Cyclical stocks are issued by companies whose businesses and stock prices tend to follow the business cycle. They generally perform very well during economic expansions but typically underperform during recessions as sales drop.
Automakers are a good example of the type of companies that tend to be cyclical. When a recession hits, consumers can decide to wait longer to buy new vehicles, so sales fall. Airlines, hotels, restaurants, and most discretionary retailers, such as apparel companies, also tend to be cyclical. After all, when the economy is strong, more people can afford to fly, stay in hotels, eat at restaurants, and splurge on new clothes.
The opposite of a cyclical stock is known as a defensive stock. These are stocks of companies that tend to perform similarly in terms of sales and profitability no matter what the economy is doing.
In this article we'll take a look at the banking industry and whether or not bank stocks are cyclical investments.
Are bank stocks cyclical?
The short answer is yes. Bank stocks are generally affected by recessions for a couple of reasons.
First, interest rates tend to fall during recessions. Since the primary business model of banks is to lend money and make a profit, lower interest rates tend to lead to falling profits. For example, if a bank's average auto loan interest rate is 5%, it's going to make considerably more than if the average rate is 3%, all other factors being equal.
Second, and more important, unemployment tends to rise during recessions, and more consumers run into financial trouble. In recessions, consumers often have difficulty paying their bills, and this can lead to a surge in loan losses for banks.
However, the longer answer is that every bank is different. Consumer banking (taking in deposits and lending money) is highly cyclical, and this is especially true for banks that specialize in riskier forms of lending such as credit cards. On the other hand, investment banking tends to do even better during turbulent times, so banks that have large investment banking operations tend to see profits hold up quite well. For example, Goldman Sachs (NYSE:GS), which focuses on investment banking, saw some of its best quarterly profits ever during the COVID-19 pandemic.
Bank stocks in inflationary environments
It's also worth addressing how inflation and rising interest rates affect bank stocks, given that inflation has recently hit a 40-year high. These economic forces can be both good and bad.
On the positive side, high inflation means that goods and services will cost more, so average loan amounts tend to increase. In other words, with all other things being equal, if vehicle prices rise by 10%, a bank's auto loan volume should do the same. And, since banks make money from interest on loans, rising rates usually translate to higher interest margins.
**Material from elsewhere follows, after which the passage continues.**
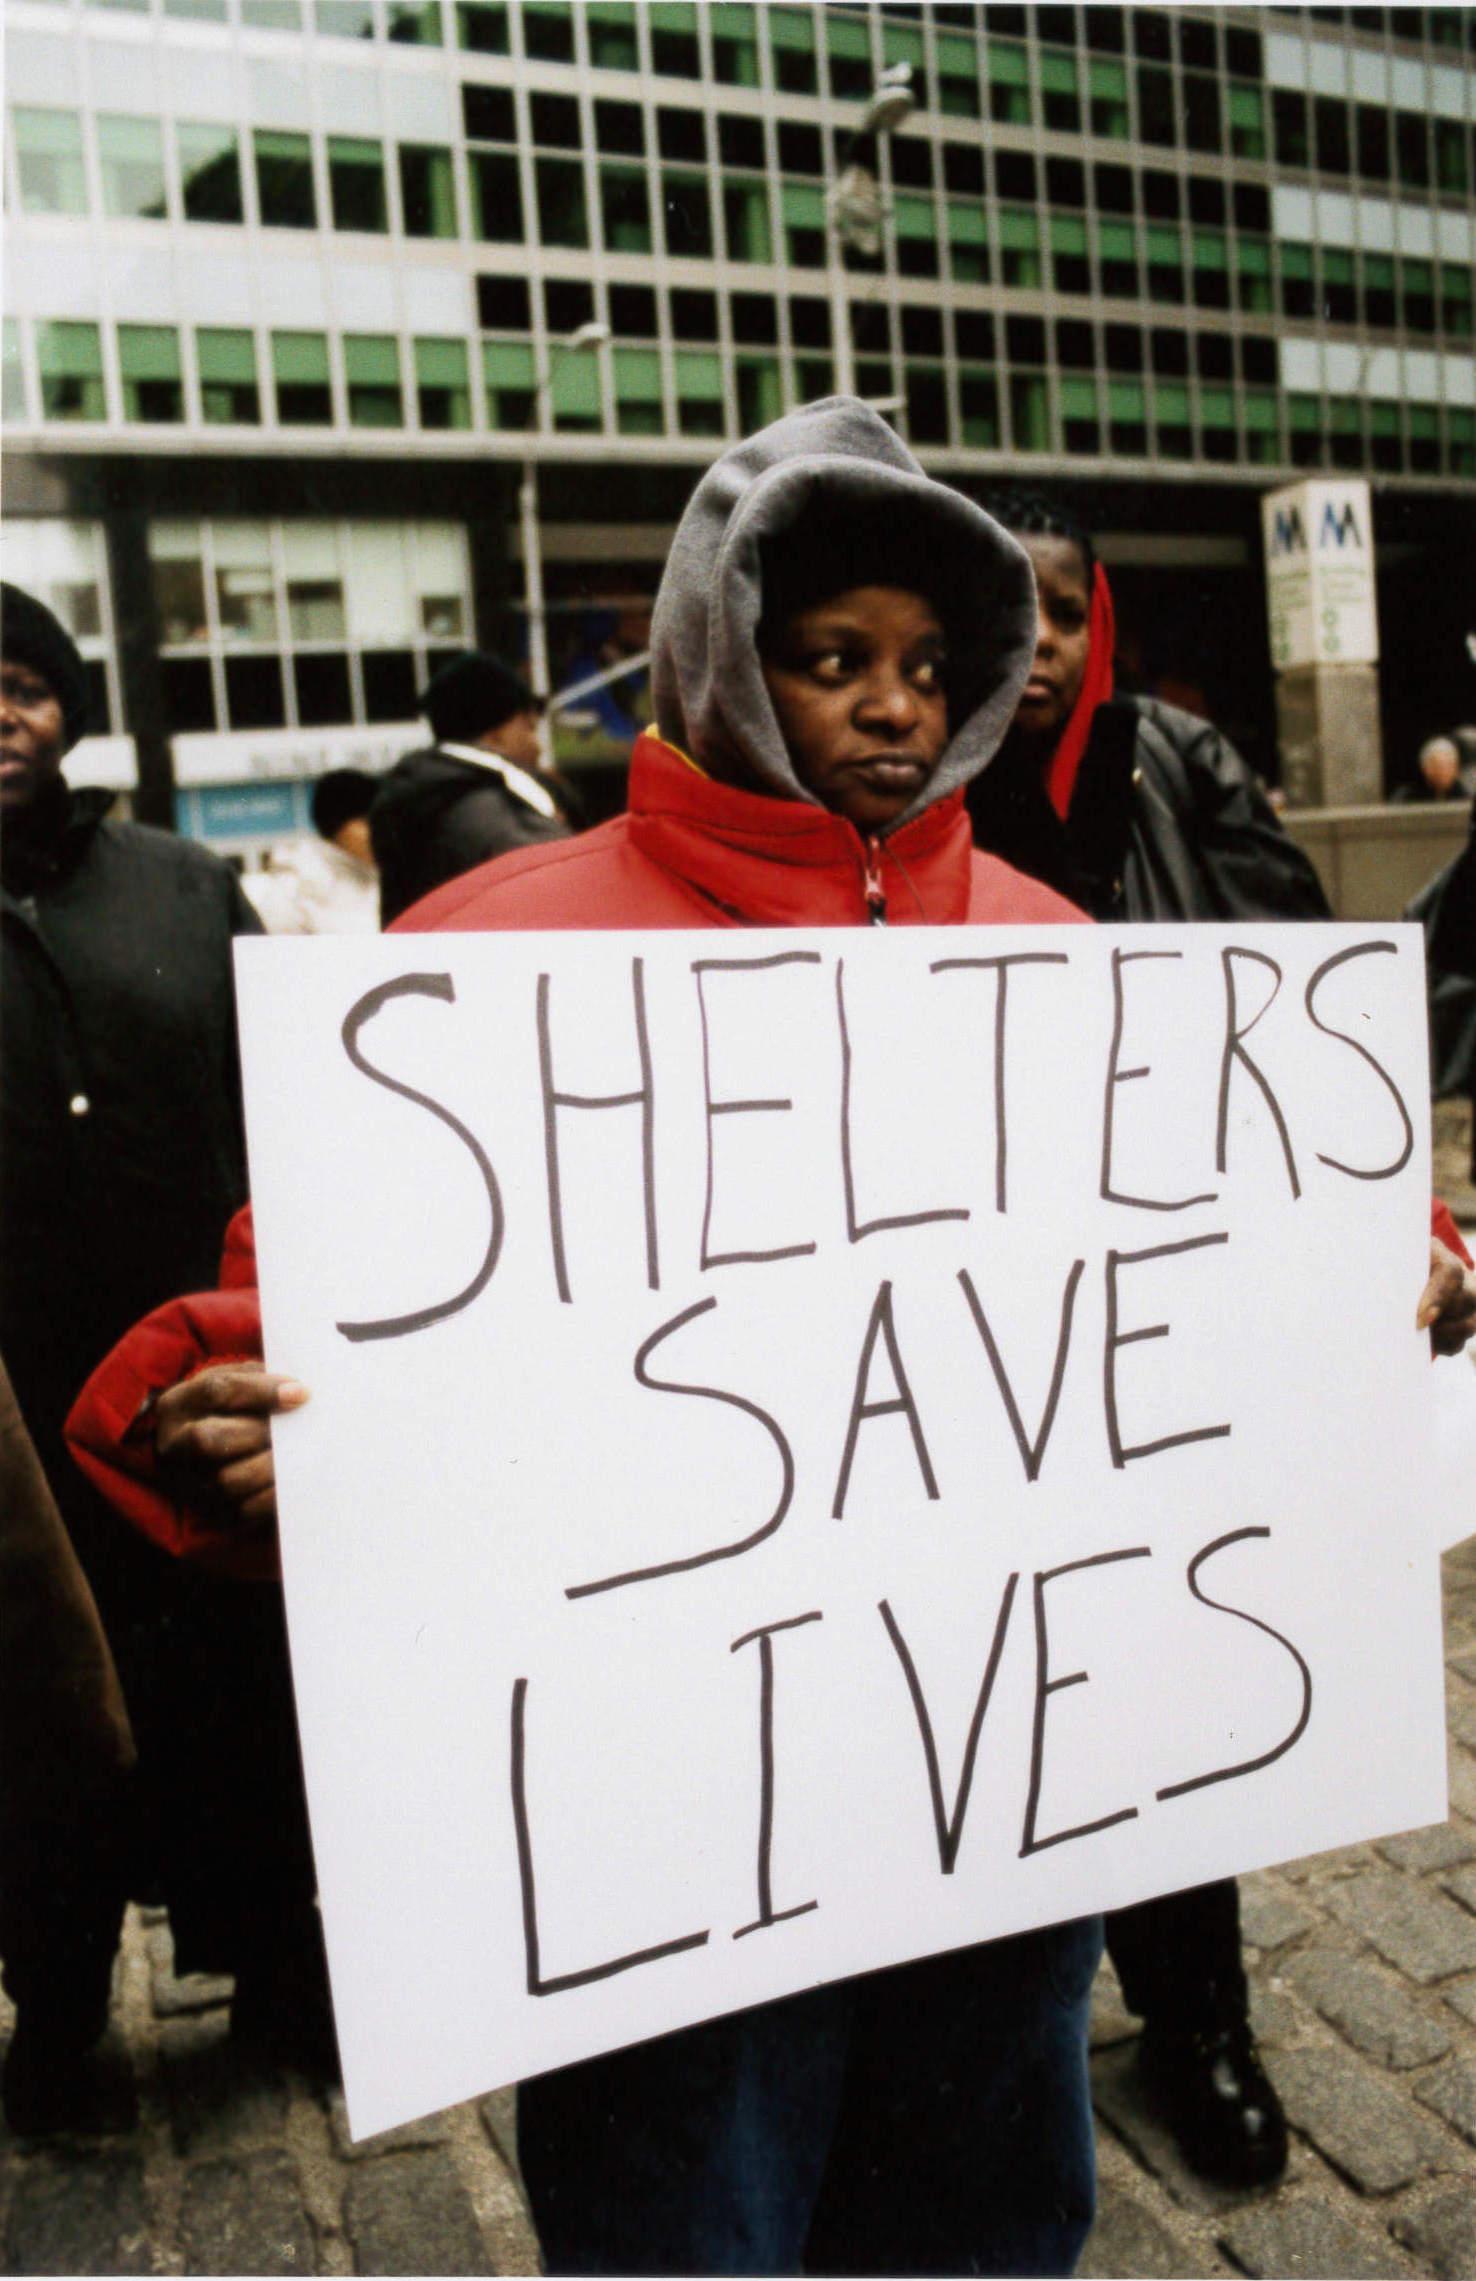 shelterssavelives

On the negative side, high inflation and rising rates can lead to a slowdown in consumer spending. People tend to think twice about buying a home when mortgage rates are at 6% versus 3%, or if the average purchase costs 20% more than it used to. What's more, as rates and costs rise, more people might run into trouble paying their bills, which can boost loan defaults. So, the short answer is that some inflation and rising interest rates can be good for banks but too much can cause loan volumes to fall and defaults to jump.
3 cyclical bank stocks
With that in mind, here are three cyclical bank stocks, meaning these banks are rather recession-prone but also tend to do very well during prosperous times.
1. Capital One Financial
Capital One Financial (NYSE:COF) is a regional full-service consumer bank with a sizable branch network and most types of loan products. However, Capital One specializes in credit card lending (nearly half of its loan portfolio), which makes its business highly cyclical.
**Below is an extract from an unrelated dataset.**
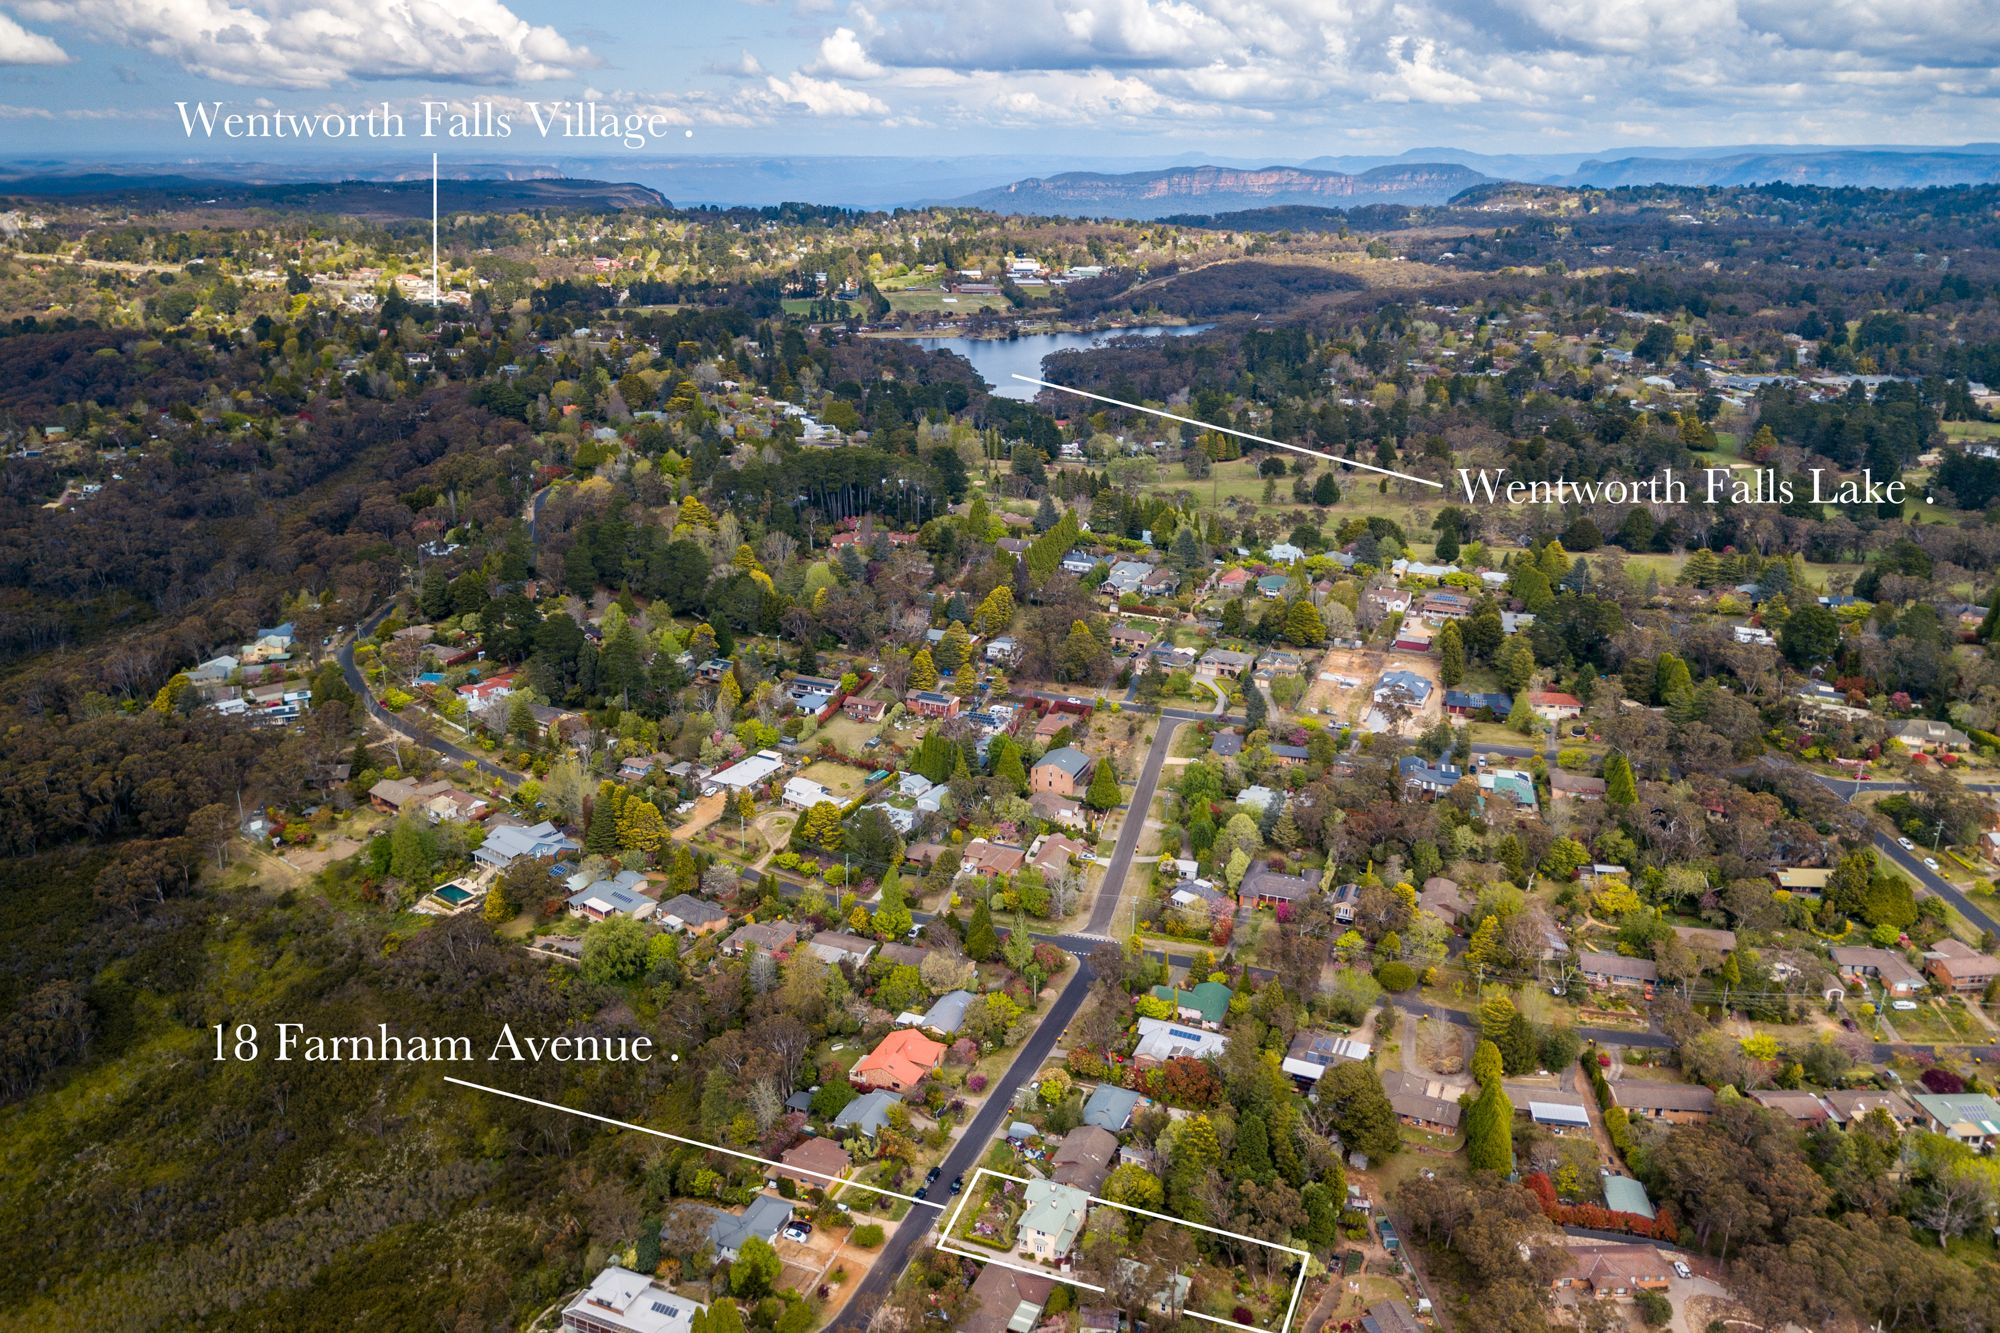 18 Farnham Avenue Wentworth Falls 2782

In good times, there is a ton of money to be made with credit card lending. The average credit card interest rate is about 16%, so there's potential for big profits. However, credit cards tend to have relatively high default rates (4% to 5% charge-off rates are common, even in strong economies) that can spike when the economy turns sour.
2. Wells Fargo
Wells Fargo (NYSE:WFC) is a member of the so-called "big four" U.S. banks, the others being Bank of America (NYSE:BAC), JPMorgan Chase (NYSE:JPM), and Citigroup (NYSE:C). Of this group, Wells Fargo is the only one that doesn't have a significant investment banking business to keep profits strong during periods of elevated unemployment and low interest rates. When the coronavirus pandemic sent the U.S. economy into a recession, Wells Fargo dropped more than any of its big-bank peers, and this is the primary reason why.
3. American Express
Most people think of American Express (NYSE:AXP) as a credit card network, but unlike Visa (NYSE:V) and Mastercard (NYSE:MA), American Express also acts as a bank. While Visa and Mastercard partner with banks (such as Capital One) to loan money to consumers, American Express is a "closed-loop" payment network, meaning that the company processes payments and does its own lending to customers.
American Express' cyclicality is somewhat mitigated by its generally affluent clientele and history of smart lending, as well as its payment network, which brings in reliable revenue. But its high reliance on credit card lending makes American Express a very cyclical bank stock.